Street art in Palestine

Street art in Palestine

The first person who, having enclosed a plot of land, took into his head to say ‘this is mine’ and found people simple enough to believe him, was the true founder of civil society. What crimes, wars, murders, what miseries and horrors would the human race have been spared, had someone pulled up the stakes or filled in the ditch and cried out to his fellow man: ‘do not listen to this impostor. You are lost if you forget that the fruits of the earth belong to all and the earth to no one!”. That was Jean-Jacques Rousseau in The Social Contract and the Discourses, essay written in 1755, in which he theorized how the abandoning of natural laws ruined our species.

Protection of borders always defined History. According to a version of Rome foundation myth reported by the Latin historian Titus Livius, Romulus killed his twin Remus because he was crossing the walls of the new town and said: “so perish everyone that shall hereafter leap over my wall”. Lovely brother. From Hadrian’s Wall to Medieval fortresses, this kind of constructions became famous monuments, not only in Europe, of course. The Chinese Wall, the only structure seen from outer space, was built in the III century b.C. against Mongolian raids. But although its 3000 km, it couldn’t stop the invasion till the end. Same for the Roman walls against Barbarians or Byzantium ones against the Ottomans.

In modern ages things didn’t change much, see the Maginot Line. This “insurmountable” French masterpiece on the German border worked very well on World War I, but was wiped out less then 30 years later. The Berlin Wall, symbol of the Cold War, had in its 20 and something years of life more than 5000 successful attempts of leaping from the communist side to the capitalist west – even though by the hundreds were killed by the police. Someone did the reverse path, they say that a guy was caught five times and he justified himself telling the authorities that was the quickest way to meet his relatives. Other attempts were demonstrative, such as the one of John Runnings, who went on the wall with a ladder and walked for a half km on the perimeter.

So, walls, physical or imaginary ones like those demanded nowadays, always existed to preserve something, especially peace. But in an era in which wars are over – in the lucky side of the World, sure – why we still feel the need to be so conservative? Right-wing extremists and populists yell to support the National identity, from Donald Trump (U.S.A.) to Matteo Salvini (Italy), from Narendra Modi (India) to Marine Le Pen (France), which at first glance can sound reasonable, having an identity, knowing your own roots is important.
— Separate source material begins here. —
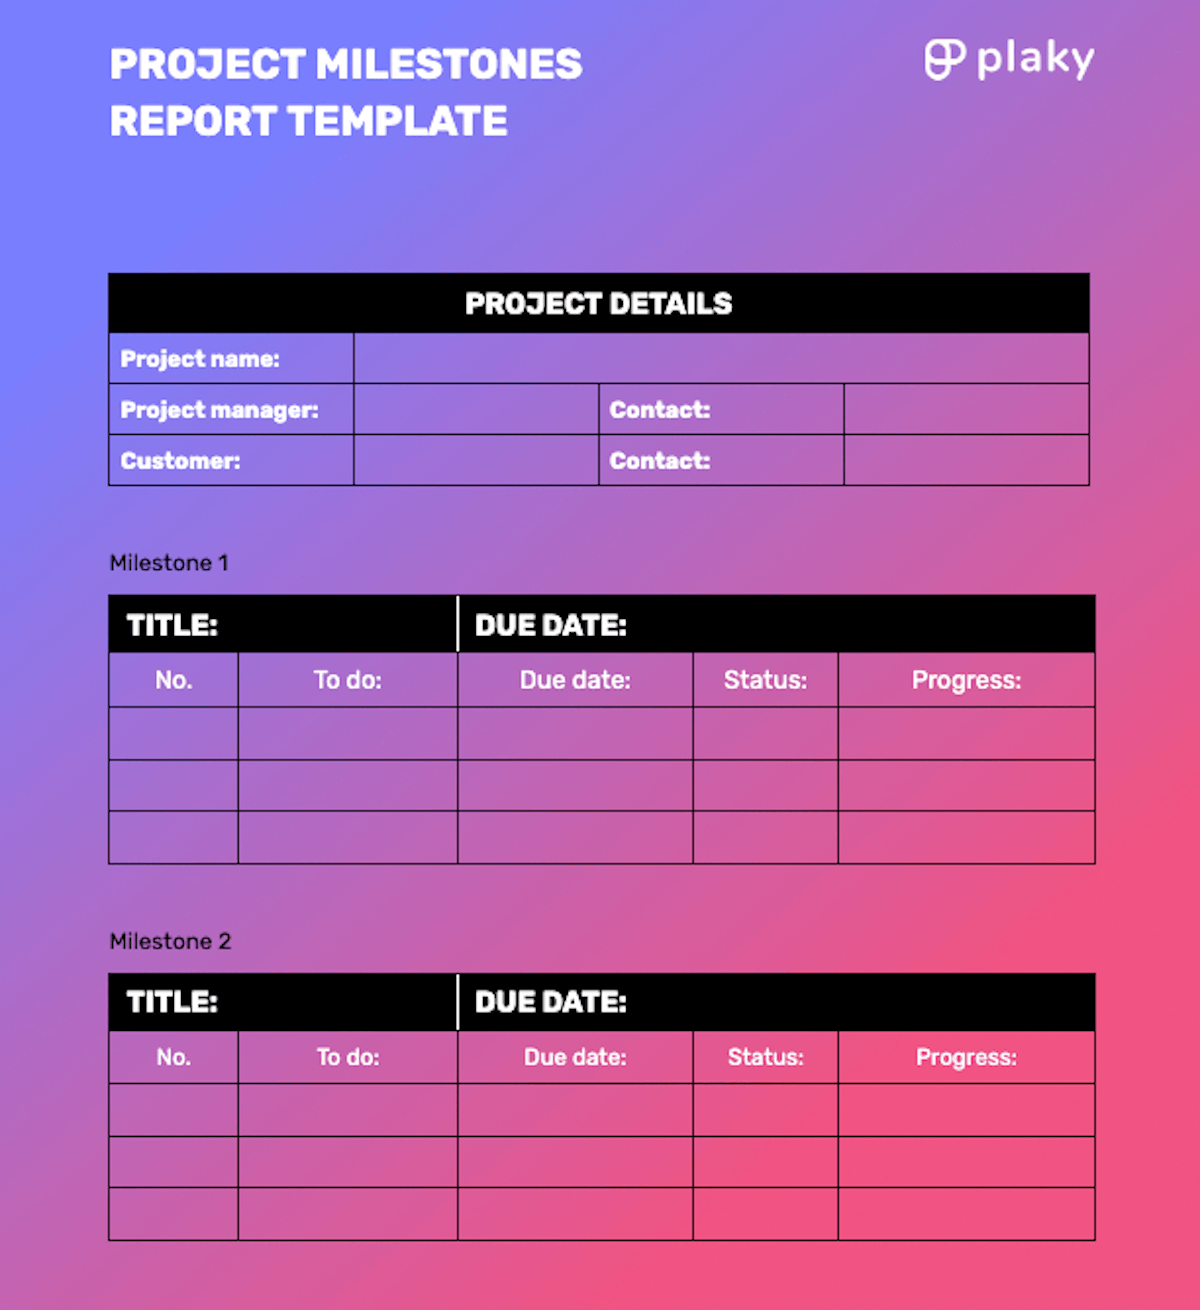 Example of a project milestones report template

But does it make any sense when we look at the History?

Crosses along the wall between Tijuana, Mexico and San Diego, USA, to remind the victims who failed their attempt to emigrate

It’s not an opinion. Identity, nationality, aren’t static concepts, they developed during millennia. The Aryans come from India, migrations, conquers, explorations, marked the past events. The Mediterranean Sea saw the alternation of dozens of civilizations. Phoenicians, Babylonians, Egyptians, Carthaginians, Etruscan, Greeks, Latins, Arabs, even populations coming from the northern or eastern Europe, like Goths, Northmen and Huns. That’s why even in Sicily you can find blond people. Then the Europeans started colonizing overseas, if North America wanted to preserve its identity, well, too late. There aren’t many Inuit or Sioux left, sorry.

Globalization, nowadays, should have facilitated the circulation of ideas and even problems, to find out common solutions. The internet gets us everywhere in a click, everything looks like it was meant to reset distances, for a finally peaceful communication based on curiosity and will to share knowledge. But something went wrong in the end. Instead of creating a horizontal platform, globalization kept a vertical hierarchy, used by rich Countries to relocate factories for a low-cost production. If we think about it, the real “global” main theme is… anti-internationalism. We’re closing more and more in our small backyard and to make sure nobody enters or leaves we build walls all around.

Israel started long time ago to build the so called “wall of shame”, more than 700 km constantly updated and re-drawn, because of international protests and also because the borders with Palestine are unclear. It seems, more than self defense, a try to keep the water sources, more precious than anything else in dry areas. The wall between United States and Mexico got almost the same sinister reputation. Completed for a third of his total length, was one of the highlights of Trump’s campaign for the White House, to stop migrations from the south.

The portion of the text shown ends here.